Your Winner: Jack Swagger, via submission, in 2-3 minutes. Nothing to see here, but it certainly makes sense to make sure Swagger looks strong heading into the PPV...
Backstage: Josh Mathews tried to interview Ryback, but Ryback was having none of it. In fact, Ryback power walked to the parking lot and, presumably, left the building. If he HAD gotten to ask Ryback a question, I can only hope Josh is a curious enough soul to have asked, "Uh, dumdum, it was 75 today in Ohio, so why the hell are you wearing a winter jacket and wool cap?" Seriously, Ryback, some kind of geriatric circulatory disorder, or something?
Mark Henry vs. My Patience
So, to prove that he's all big and strong, Mark Henry issued a challenge for a Tug o' War. Not against just one guy. Against two.
So Tensai comes out, and loses. Then Brodus comes out, and loses. So it was two guys, back to back. Not at the same time. Which makes it a lot less impressive, no matter how fat they are.
Then Sheamus comes out and goads Henry into trying to make it three in a row. Henry finally gives in. Sheamus fights the good fight for about 30 seconds, then just lets go of the rope, so Henry falls on his ass. Ha?

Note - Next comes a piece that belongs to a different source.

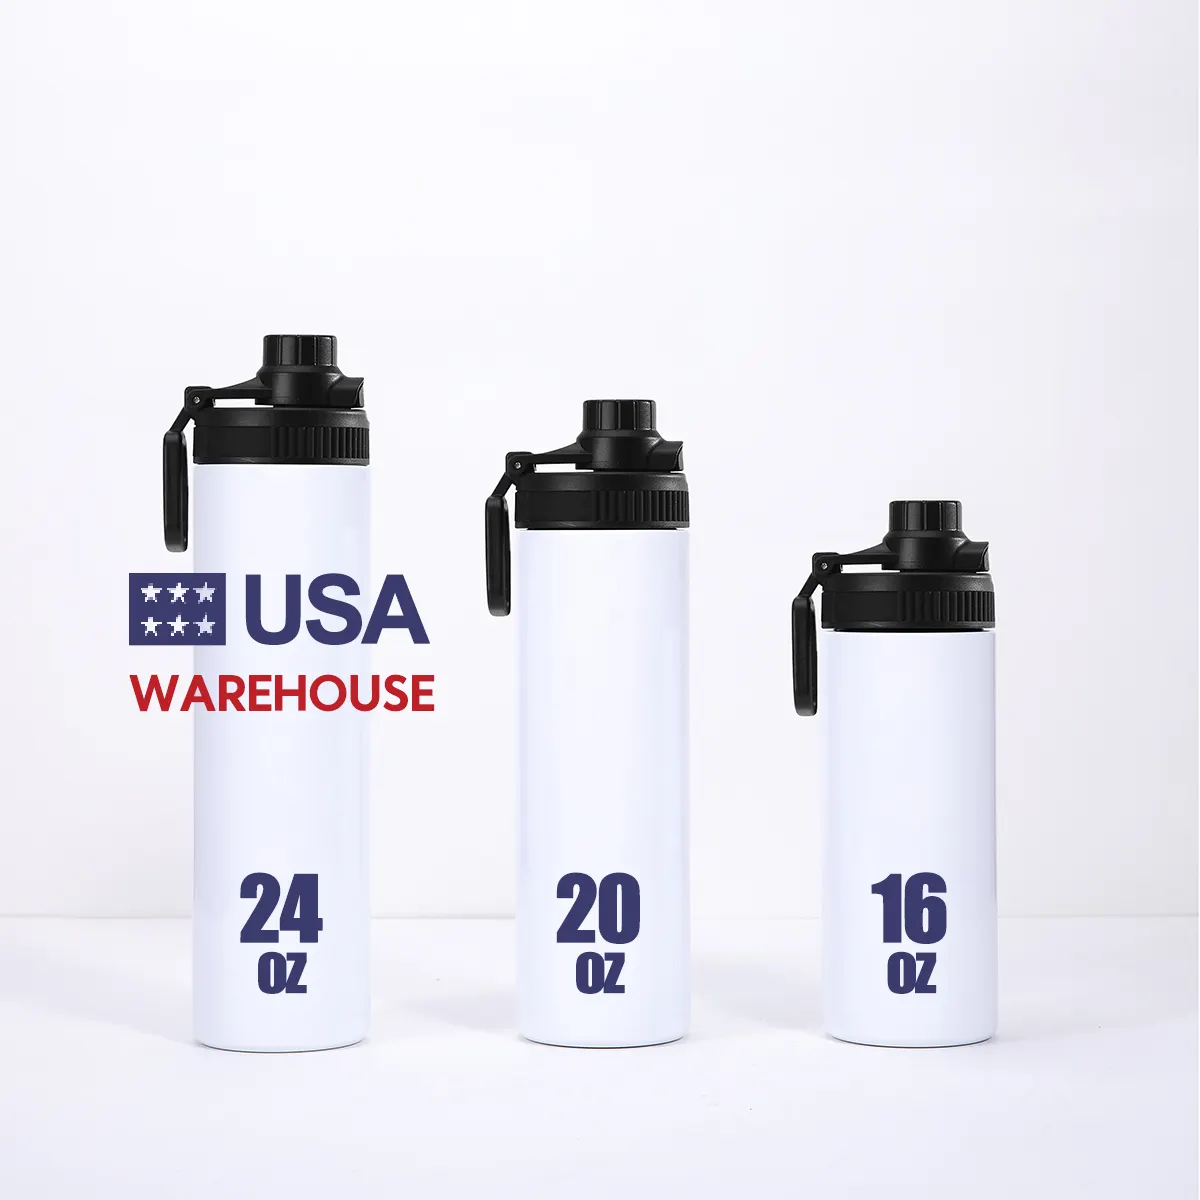 USA Warehouse Hot Selling Weiß Sublimation Edelstahl Gerade Weithals Sport Wasser flasche Vakuum isolierte Wasser flasche

Then Sheamus hits a Brogue Kick for good measure. Because Be A Star, yo!
That took me about 35 seconds to type. But in real life, it was 6-7 minutes of bleh. You're welcome.
Backstage: in the GM office, Vickie and Brad Maddox have summoned Kane and Bryan, to tell them that they remain in the main event, but it's now back to a 2-on-3 handicap match, because she's not clearly Cena to compete. This is not a problem for either, they just want to get their hands on the Shield. When they leave, Maddox gives Vickie a look and asks "Does Cena know he's not wrestling?" And Vickie just smirks. And Maddox looks sad, because he knows he'll be the messenger.
Backstage: Maddox tries, sheepishly, to tell Cena he's got the night off. Cena, quite intensely, begs to differ. Under threat of physical harm, Maddox sees it Cena's way, and leaves.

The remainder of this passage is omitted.